Saturday, January 31, 2009

What is Hell?

I've been debating the nature of Hell with a friend. Here's some of our interchanges:

MY FRIEND'S VIEW OF HELL:
When reading the Bible, we are limited to earthly analogies. The subject used for the analogy is always within the scope of human experience...

The fire [in the biblical references to Hell] represents the pain experienced at that moment, not necessarily that of a burn victim, but the pain of mental anguish associated with separation from the divine Source of all happiness.

PATRICK:
One explicit earthly analogy for final punishment is the punishment experienced by Sodom and Gomorrah.
It was not a mere "separation from the divine Source of happiness" (as you have defined hell). They were punished with "eternal fire." And the results of that punishment are quite plainly stated.

Jude 7
... Sodom and Gomorrah and the surrounding cities... serve as an example by undergoing a punishment of eternal fire.

2 Peter 2:
6 ... by turning the cities of Sodom and Gomorrah to ashes he condemned them to extinction, making them an example of what is going to happen to the ungodly...

Those quotes are from the very conservative, quite literal English Standard Version. Some writers think they can find some way around the plain meaning by a different rendering of the Greek, but I still believe that God gave us an earthly analogy to final punishment when he destroyed Sodom and Gomorrah. That gives us a better idea of what the fire is and what it will do than any psychological explanation.

In other words, I believe that Hell will eventually result in the total extinction of those who go there. I do not believe the Bible teaches eternal, conscious suffering.

MY FRIEND'S RESPONSE:

I understand that you take Jude and Peter as predictive in a literal sense.

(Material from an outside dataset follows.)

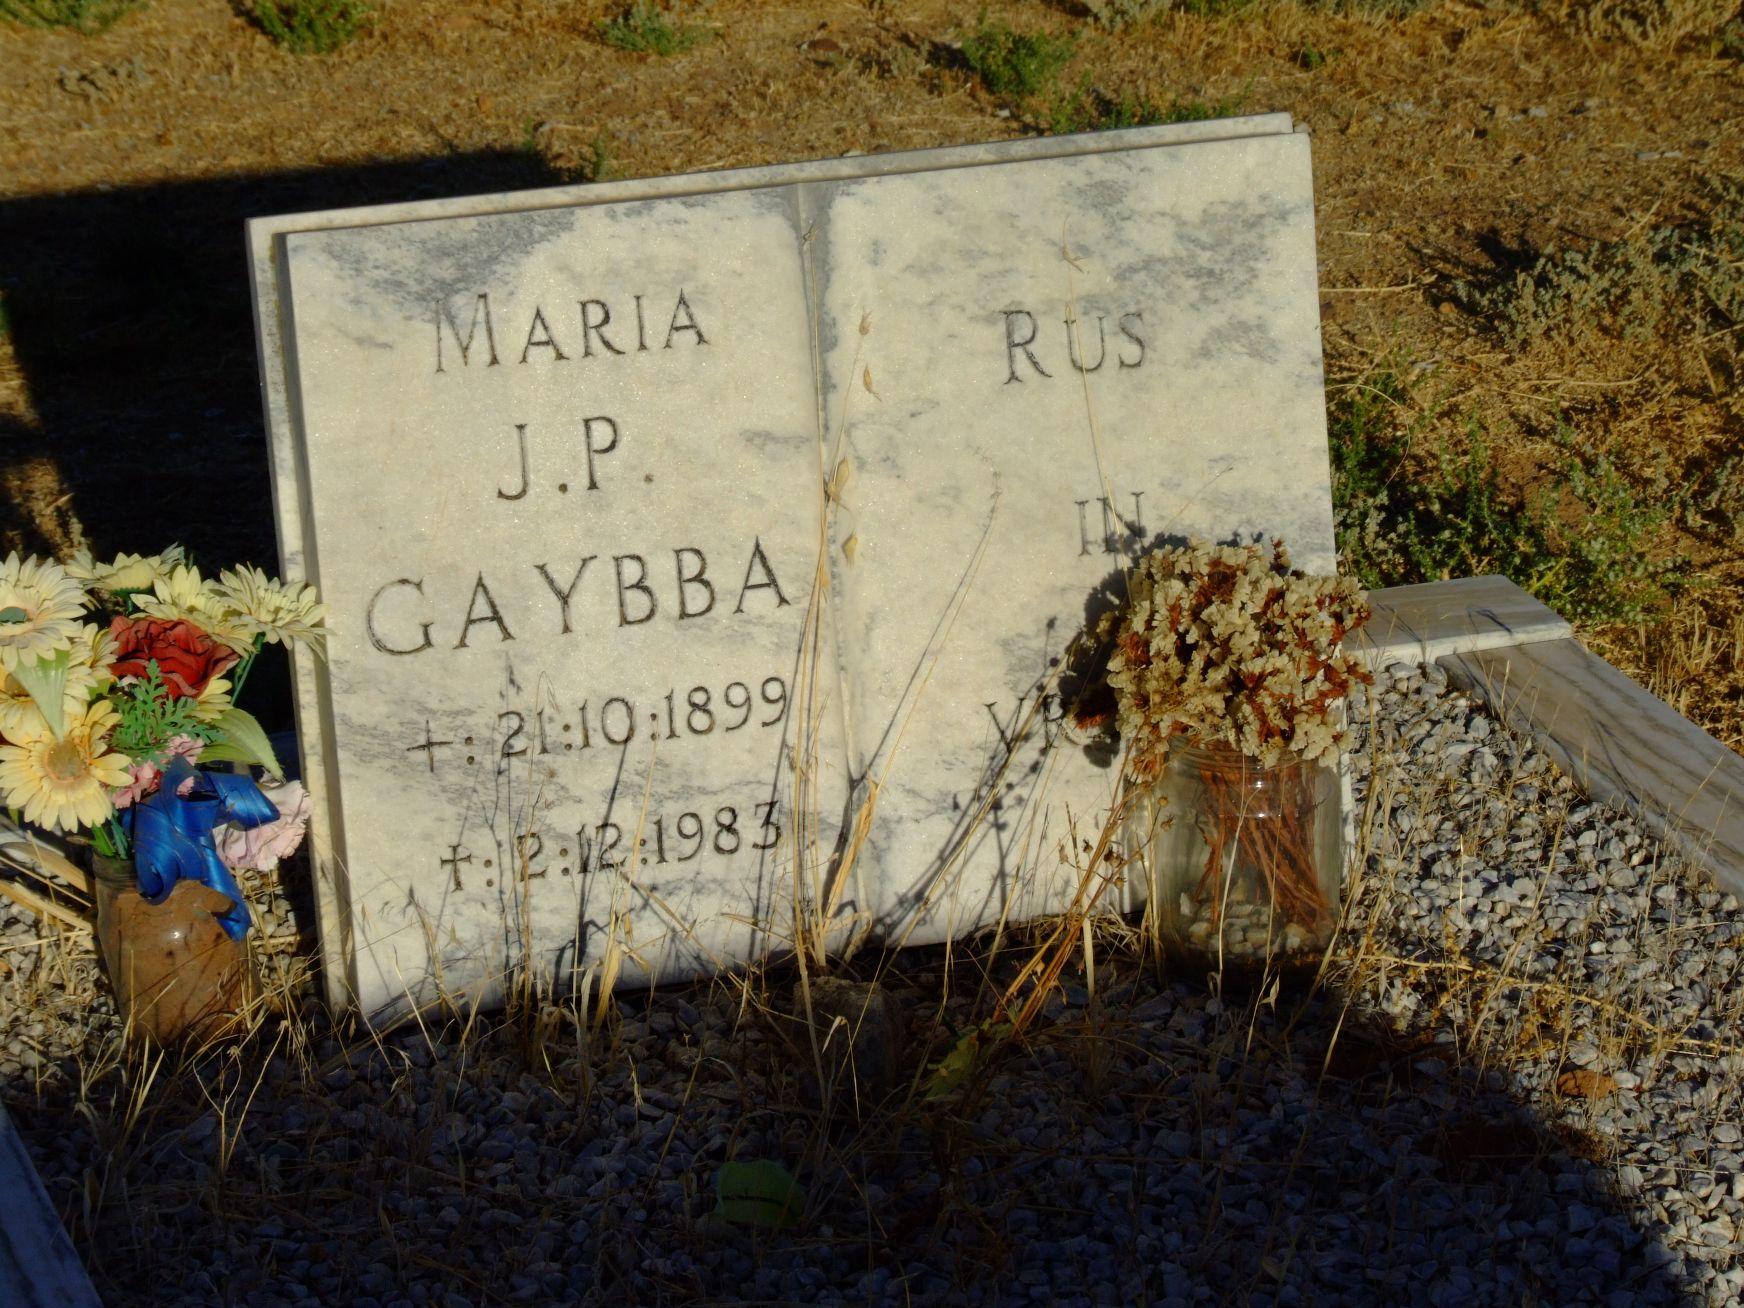 Gaybba, Maria J. P.

I do not because I view that method as a stumblingblock to truth. With all the evidence available elsewhere, I do not think we can know what things will literally be like after the final judgment. We cannot understand that any more than we can understand how God will raise the dead, or in what form they will be raised. We have analogies that help in some ways and as long as we do not press those analogies too far, we remain open to suggestion and perhaps spiritual enlightenment. Once we go over the line, we loose our ability to see the finer things.

By literalizing, we often trivialize the Bible. No wonder intelligent lost men have become bored with Christian rhetoric. To some extent they are just rebelling against the truth, but some are just tired of hearing someone who refuses to exercise his mind mumble the same observations that some farm-boy become preacher stated a hundred or more years ago.

PATRICK:
I don't interpret the Bible literally in all cases. I no longer believe in a literal 6 day creation. I no longer believe in a worldwide flood (instead, I think it was regional and that the language of Genesis 6-9 must be interpreted as the honest description of what a human would observe, rather than taking the universal sounding language as being literally universal). I no longer believe that the four Gospels agree on every detail of Christ's life (e.g., they give a different order for the temptations of Jesus during his 40 day fast, and they differ about when the veil of the Temple was torn in relation to his death, etc., etc.)

I could list a dozen more examples of where I depart from literalism. I understand that many passages in Scripture are poetic, literally poetic. Modern translations generally indicate the presence of Hebrew poetry by printing that section of Scripture with unjustified margins.

But, in my experience, if anybody tends to repeat old shibboleths about Hell, it's certain people who defend the traditional view of eternal conscious suffering. Just recently a good, godly man who is a simple believer kept bringing up the story of Lazarus and the Rich Man to me as an objection against the annihilation view of Hell. He had no idea that "Hades" was different than "Gehenna," or that the story is not a literal glimpse into the afterlife, or that the condition of ungodly people in the intermediate state is a different issue than their final destiny after Judgment.

Do people who defend the traditional view of Hell have a great impact on intelligent unbelievers? I haven't seen much to make me think so. But I've seen intelligent skeptics be willing to think twice about the idea of Hell when I've explained it as the end of all existence.